Waking Up to Your Favorite Song Makes You More Productive

In Education

Getting up in the morning is a daunting task for many who constantly face “sleep inertia,” the feeling of not wanting to get up. It has also been proven that if you struggle to get up or get up grumpily, you are less likely to have a productive day than if you woke up cheerfully and alert.

According to Australian researchers from RMIT University, you can get over this grogginess by changing your alarm clock’s sound. The researchers say that a more catchy tune in the morning is bound to get you up and to run.

Sleep inertia in space

The researchers observe that sleep inertia is a psychological phenomenon that can run for up to four hours after waking up. In addition, they say that the feeling can occur regardless of where you sleep, on your bed, couch, or even in space. A NASA astronaut confirms this as he narrates how he slept through two alarms in space one morning.

While caffeine, hot and light showers are some of the go-to solutions to morning grogginess, the researchers realized that some sounds have a similar effect. Melodic tunes reduce sleep inertia faster than  ‘unmelodic’ tunes such as the ones in alarm clocks. The researchers define melodic tunes as anything you can hum or sing along to.

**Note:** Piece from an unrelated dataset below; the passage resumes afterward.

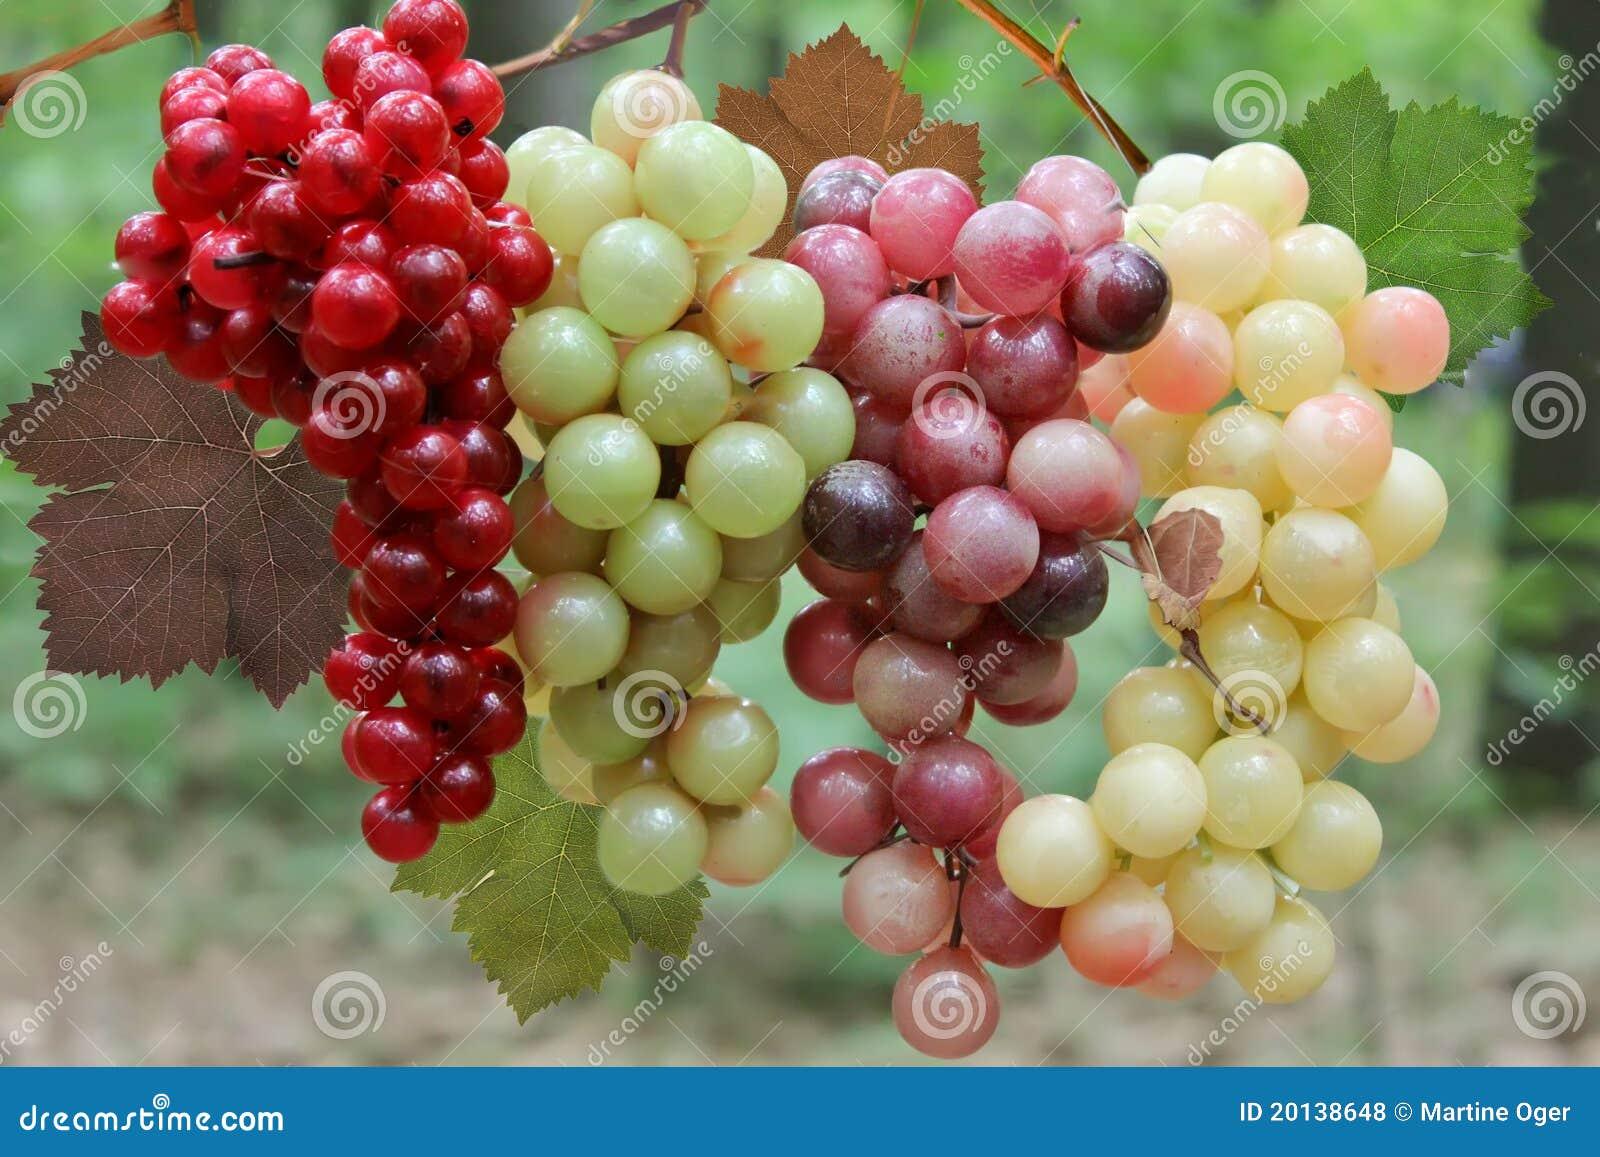 Uvas para vinho na videira.

To test the effect music has on sleep inertia, the researchers developed an app that allowed participants to wake up to different types of music. They were then immediately supposed to start a game-like task to test their level of alertness. The task, akin to the one taken by astronauts to test their alertness in space, required participants to touch their phones’ screens as soon as the color changed.

Children are more alert.

The results revealed that the control group who used melodic tunes as an alarm were more alert than those who used traditional alarm beeping sounds. The team also looked at how effective other alarming sounds like sirens are at waking the body up. Interestingly, they found that children are more receptive to alarming sounds in emergency scenarios.